UBER: Oh, we’re halfway there
ME: Ok, good
U: Oh oh, we’re living on a prayer
M: What?
U: *driving off cliff* Take my hand
M: Oh god
Family bike ride? Sure, that sounds great! Just give me 2-3 hours to pump up all of these bike tires and we’ll be on our way!
Me: wow
Wife: *lording over the many amazon boxes* it is a bountiful harvest
I used to love pretending I was Captain America and flinging a garbage can lid at kids in the neighborhood. But then my wife made me stop.
My boyfriend is so rude.
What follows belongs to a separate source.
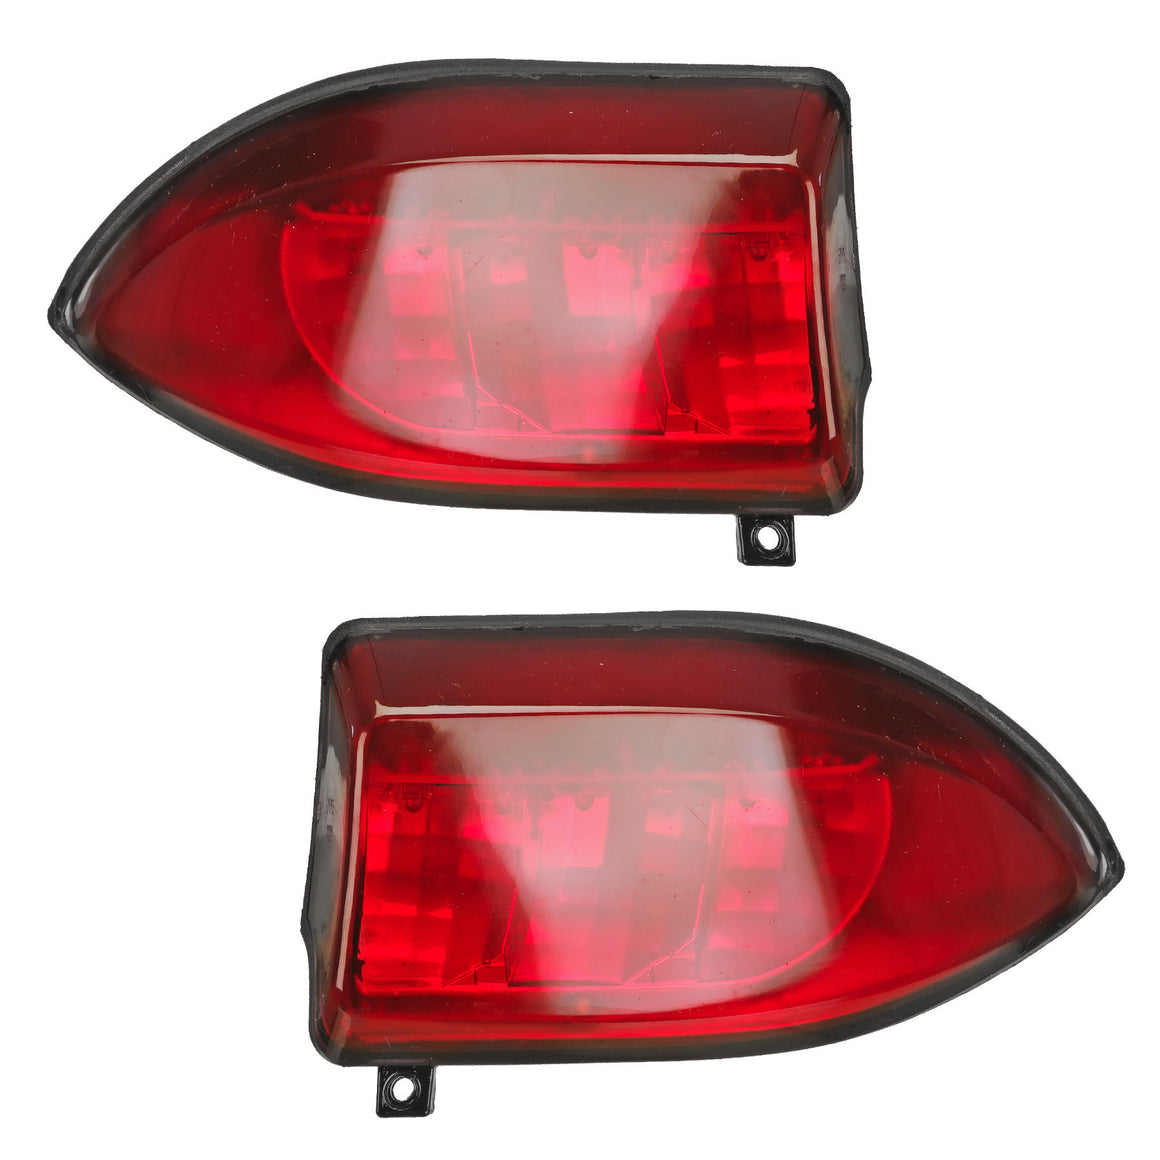 Route 66 LED Tail Lights for Club Car Precedent (2004-Up)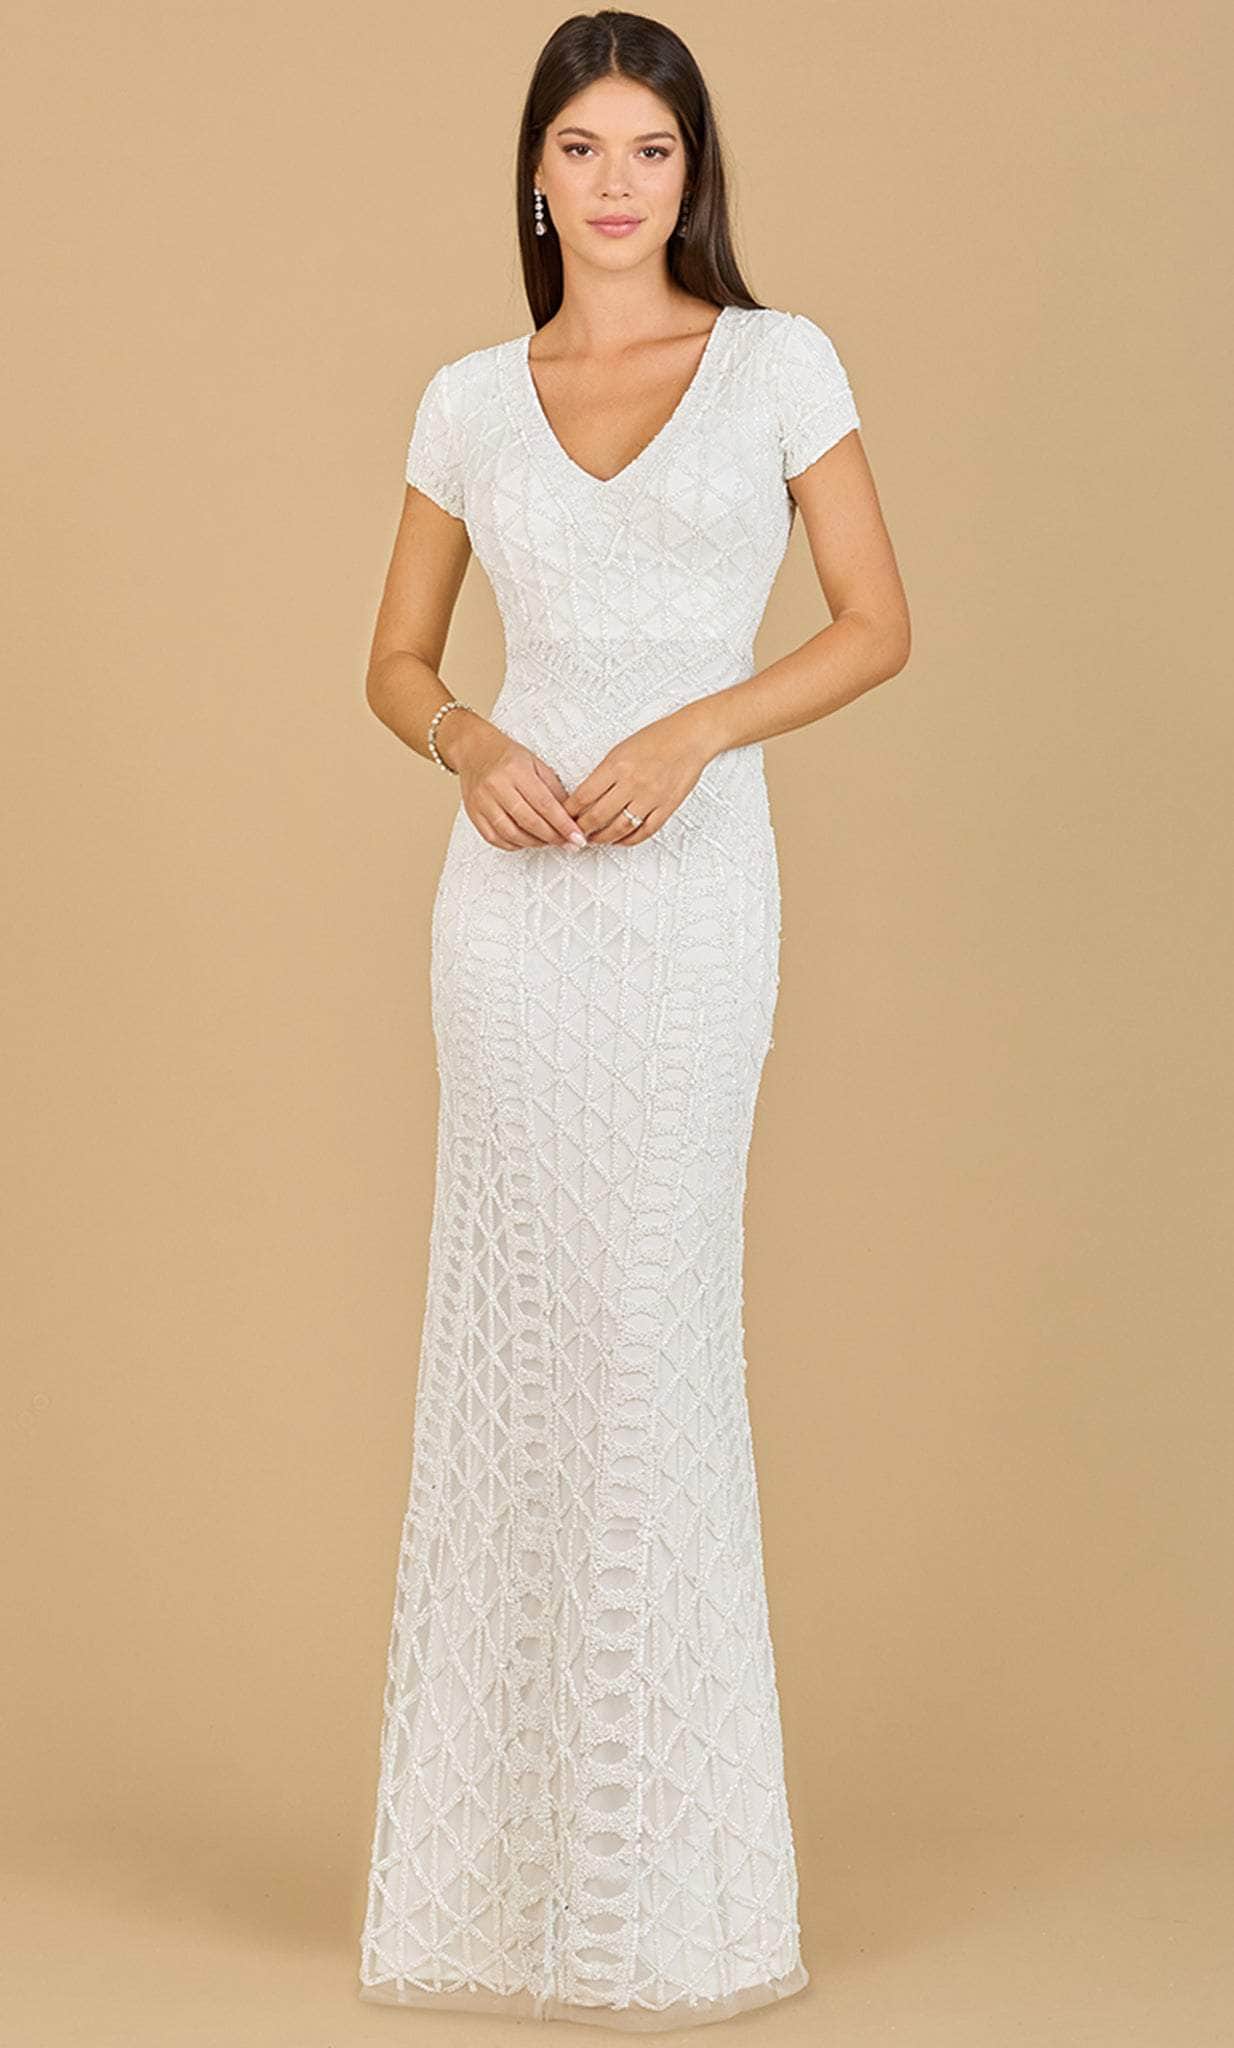 Image of Lara Dresses 51141 - Embroidered Lace Formal Dress

He hasn’t even introduced himself to me yet.
Me: Look, I really stuck my neck out for you and-
Vampire: wow
Me: Right off the bat you- No, I’m just saying it bites, I mean it sucks when-
Vampire: WOW
It’s embarrassing when my wife pats me down for concealed chicken nuggets in front of our friends.
Cats are weird. They look at you like they want to set you on fire then look all surprised when you toss them into the ceiling fan.
god: make a guy who brings children presents
angel: aww that’s nice
god: have him slide through chimneys at night
angel: wait what
god: i want him to scream ho ho ho while riding a flying sled pulled by a bunch of those horned horses
angel: dude
Mom was disappointed there were no fights on her flight. I gave her some tips for the return flight.
If you watch the movie Twister backwards it’s the story of friendly tornados saving lives, rebuilding destroyed towns and playing with cows.
People who say “in and of itself” are responsible for most of the trouble in the world.
if I’m ever feeling lonely and I need someone to talk to me, I just announce to my spouse or kids that I’m about to take a nap
Sex is like pizza, there’s NO reason it should ever involve vegetables
Damn, I just realized that my employees do their jobs in order to get paid, and not out of any sense of family or loyalty to the company. Has anyone else heard of this phenomenon??
Joker: You’re endangering a minor
Batman: He’s my partner
Joker: Why’s he in his underwear?
Batman: So we match. Look, this isn’t about me.
I always pull out my chapstick and slowly apply it to my lips when I want someone to stop talking to me.
Nobody:
The Sun: I’m gonna make your underwear turn into a damp rolled up towel so you walk like you just rode a horse
I have keys on my keychain from the houses I used to live in just in case I’m hungry and in the area.